See our ‘Web-based tools’ page for ‘plug-and-play’ tools for cohort building, indexing, performance metric selection, bias awareness, and more.
Featured:
The MIDRC diversity calculator is an open-source tool designed to assess and quantify the diversity within medical imaging datasets. By analyzing demographic attributes, this calculator helps researchers ensure that their datasets are representative of diverse populations, aiding in the development of more equitable and inclusive AI models in healthcare. The tool is hosted on GitHub, where users can access the code, contribute, and collaborate to improve its functionality.
Learn more about the diversity calculator in this short demo video, a MIDRC seminar recording, or the peer-reviewed publication.
The MIDRC DICOM harmonization mapping tool is an open-source utility aimed at standardizing and harmonizing DICOM files across diverse medical imaging datasets. By aligning and normalizing metadata and image attributes, including unstructured character string fields, this mapping table facilitates cohort selection in the MIDRC data commons and ensures the integration and interoperability of imaging data, providing consistency quality in large-scale research initiatives. It is available on GitHub for users to access and input suggestions for additional LOINC terminology.
Learn more in this MIDRC seminar recording.
RadGraph is a tool designed to support the development of AI models that understand and evaluate radiology reports. Combining a Python-based labeling tool with an annotated dataset, RadGraph enables researchers to extract medical terms and their relationships from unstructured text. It serves as a foundation for training and refining natural language processing (NLP) models specifically tailored to healthcare applications. RadGraph is hosted on PhysioNet, accessing the tool requires user credentials.
Explore RadGraph’s code and additional resources on its GitHub page. Pre-trained models and details about RadGraph are available on HuggingFace. RadGraph is described in several peer-reviewed publications, which provide deeper insights into its development and applications: ACL 2024 Findings: Overview of RadGraph’s advancements in radiology NLP. and EMNLP 2022 Findings: Key use cases and evaluation of RadGraph’s dataset.

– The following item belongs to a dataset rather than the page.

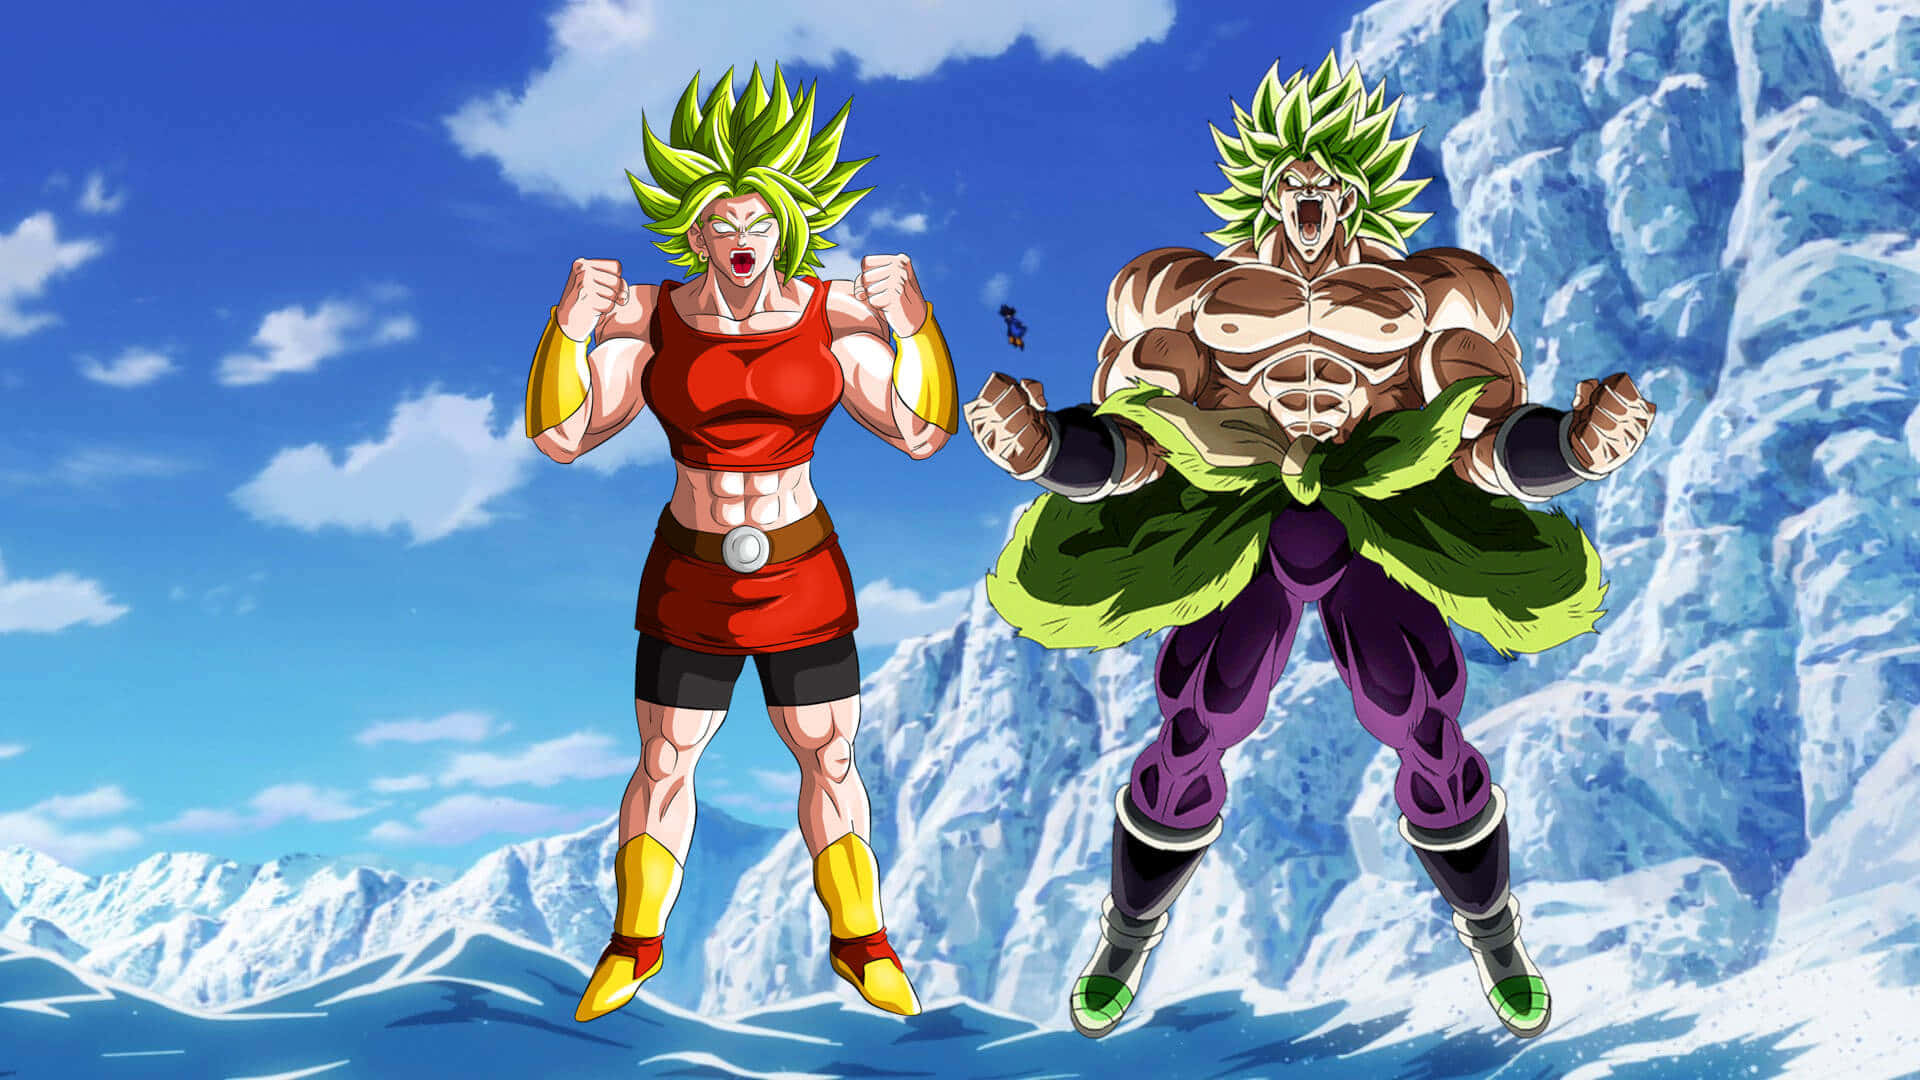 An action-packed anime adventure starring the legendary warrior, Broly.

The Stanford de-identifier base is a pre-trained model developed by Stanford's AIMI Center to automatically remove or obscure personally identifiable information (PII) from medical text. Hosted on Hugging Face, this tool is designed to ensure patient privacy by de-identifying sensitive data in clinical reports, enabling researchers to safely use and share medical documents for research and AI development without compromising confidentiality. The model can be easily integrated into workflows to enhance data privacy practices in healthcare.
Read more about the de-identifier in this peer-reviewed publication.

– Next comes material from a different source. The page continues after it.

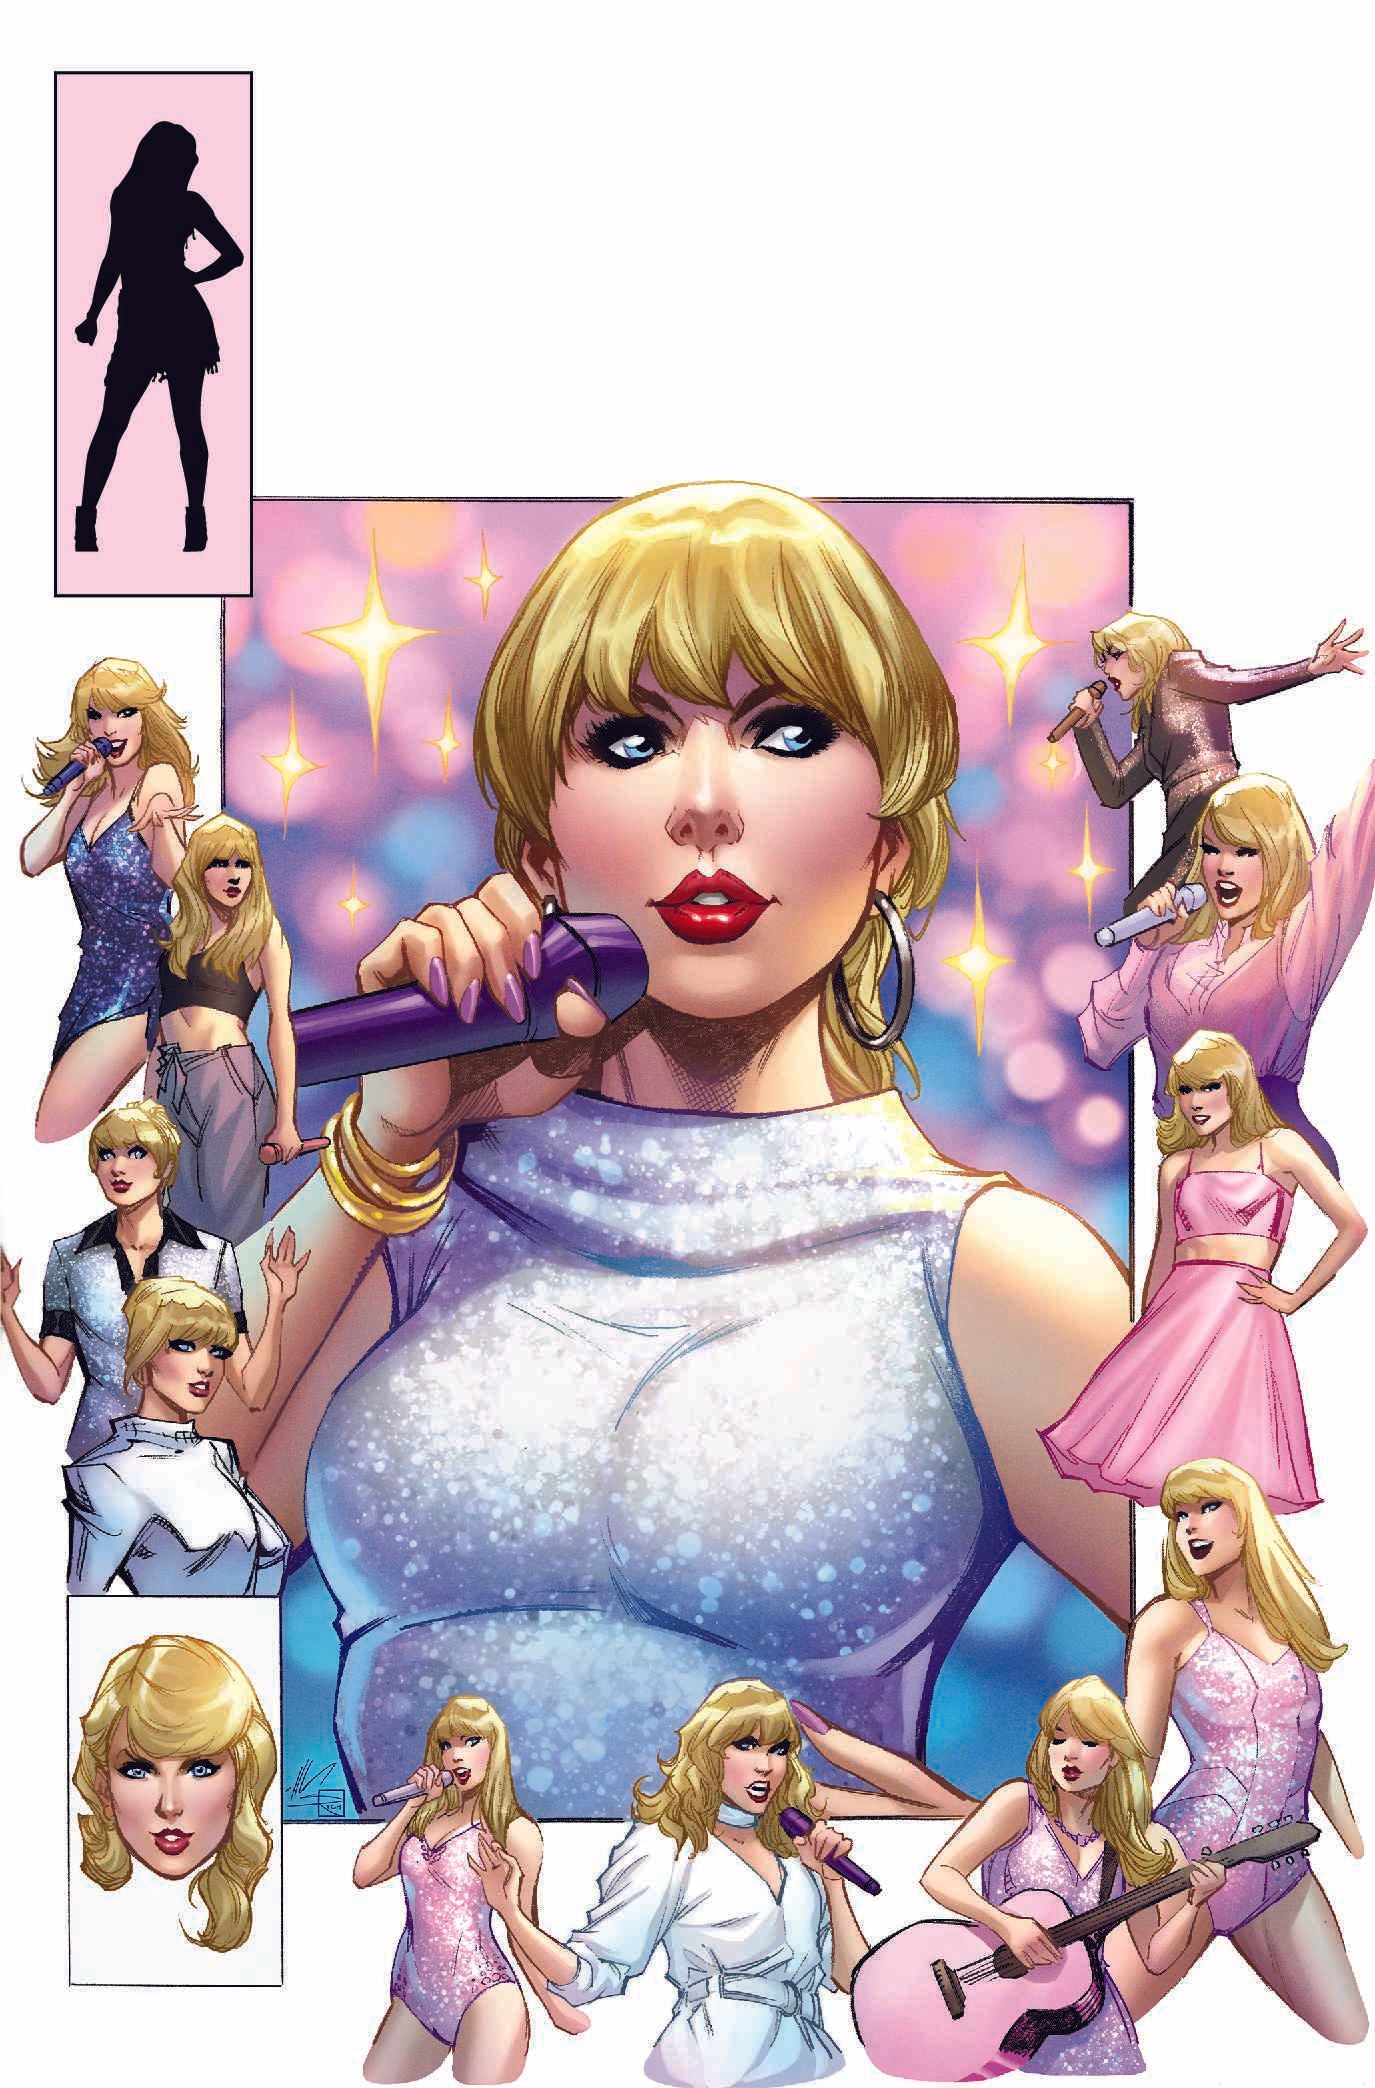 FEMALE FORCE: TAYLOR SWIFT #2 - ALE GARZA ART ONLY - LIMITED TO 250

The RSNA DICOM anonymizer is a free open-source tool for curating, de-identifying and transferring imaging datasets. The Anonymizer program has versions for major OS platforms (MacOS, Windows, Linux Ubuntu) designed to perform "on-prem" de-identification of imaging datasets for use in research. Written in Python, using widely adopted libraries for processing medical images, Anonymizer is designed to be extended for specific project needs.

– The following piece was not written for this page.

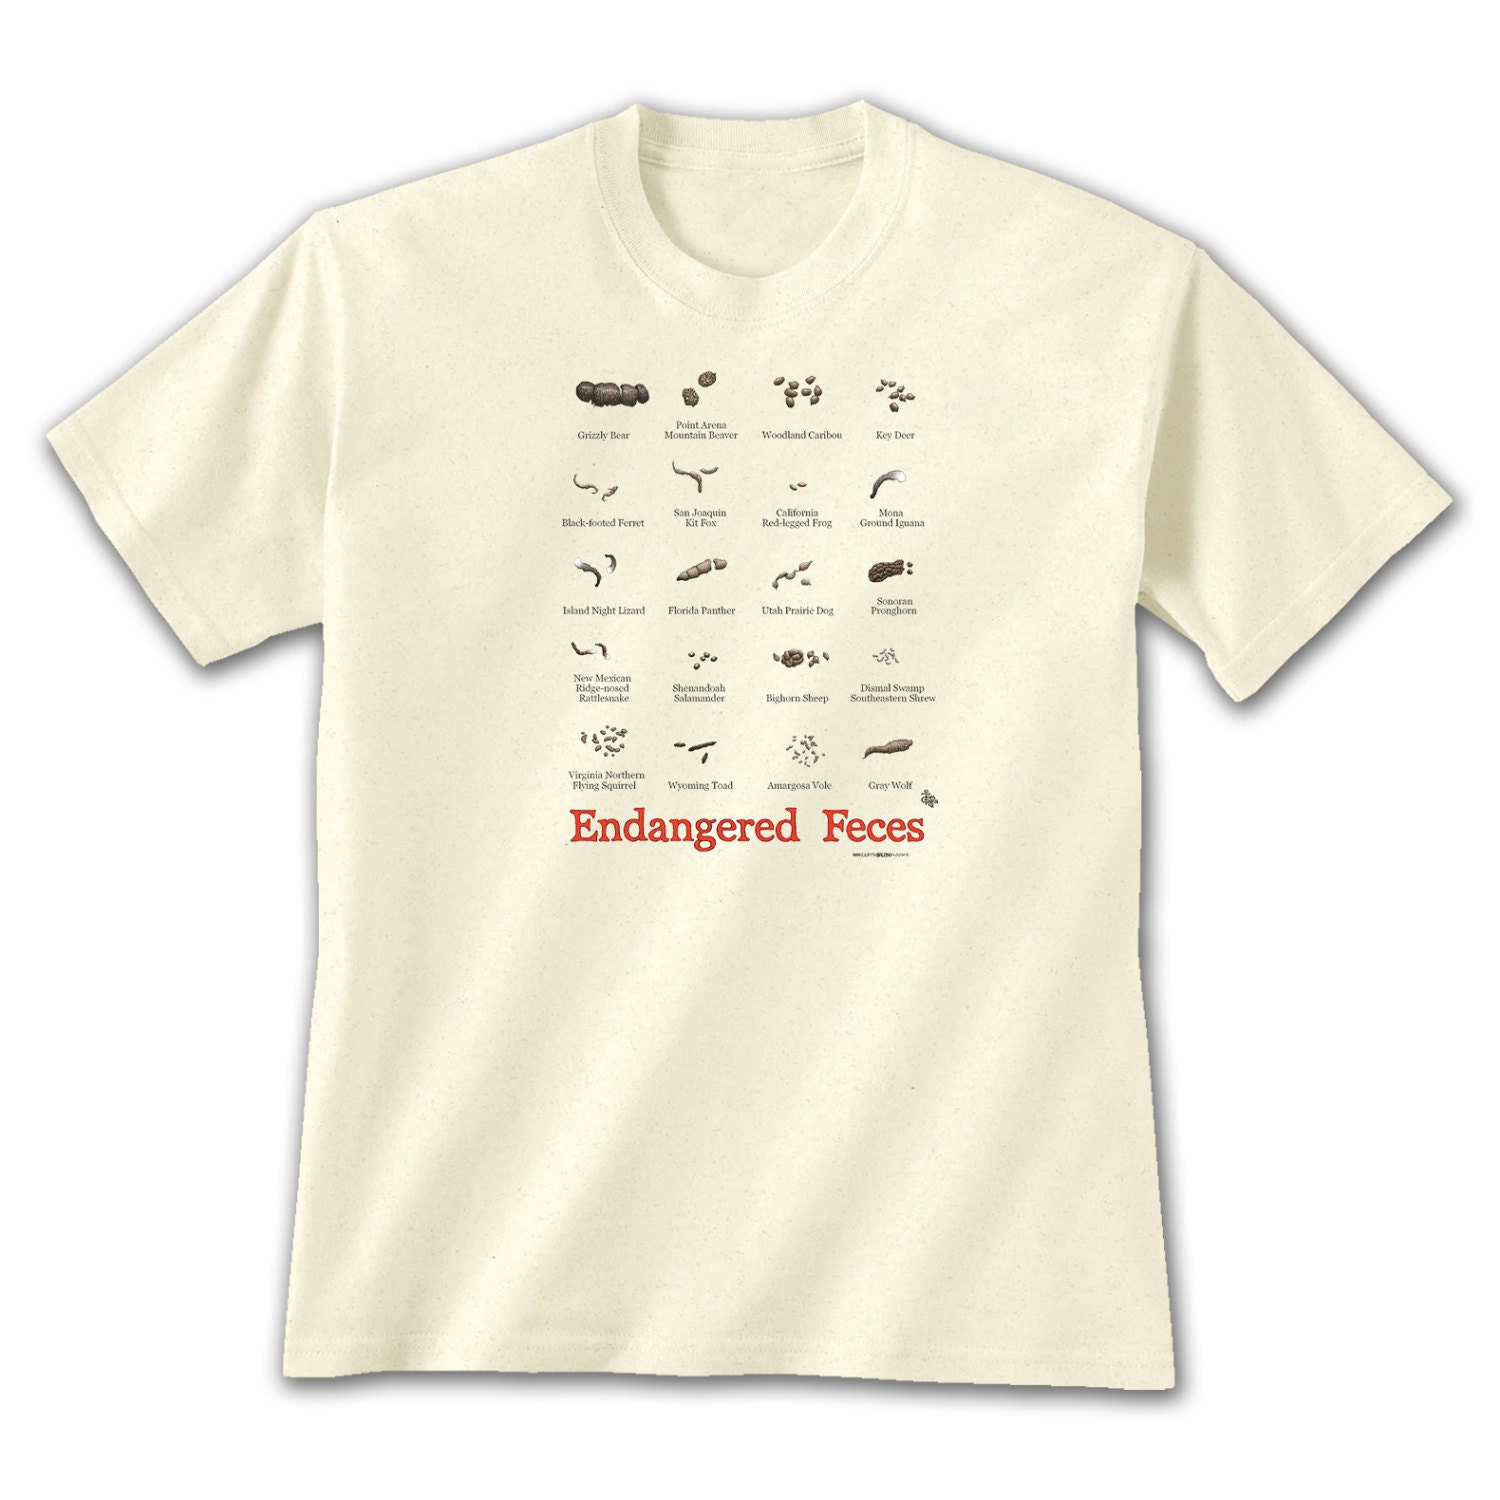 Endangered Feces T-Shirt Humor and Scientific Accuracy Outdoor

The generalized stratified sampling tool on GitHub is a resource for researchers looking to implement advanced sampling techniques in medical imaging studies. This tool offers a framework for stratified sampling, which helps ensure that samples are representative of various subgroups within a dataset. It supports the development of more robust and generalizable models by improving the distribution and diversity of sampled data, making it easier to analyze and interpret complex imaging datasets effectively.
Read more about the de-identifier in this peer-reviewed publication.
Complete list:
CRP=Collaborative Reseach Project, TDP=Tecnology Development Project, BDWG=Bias and Diversity Working Group)
-
The MIDRC Diversity Calculator is a tool designed to compare the representativeness of biomedical data. By leveraging the Jensen-Shannon distance (JSD) measure, this tool provides insights into the demographic representativeness of datasets within the biomedical field. It also supports monitoring the representativeness of datasets over time by assessing the representativeness of historical data. Developed and utilized by MIDRC, this tool assesses the representativeness of data within the open data commons to the US population. Additionally, it can be generalized by users for other diversity representativeness needs, such as assessing the similarity of demographic distributions across multiple attributes in different biomedical datasets.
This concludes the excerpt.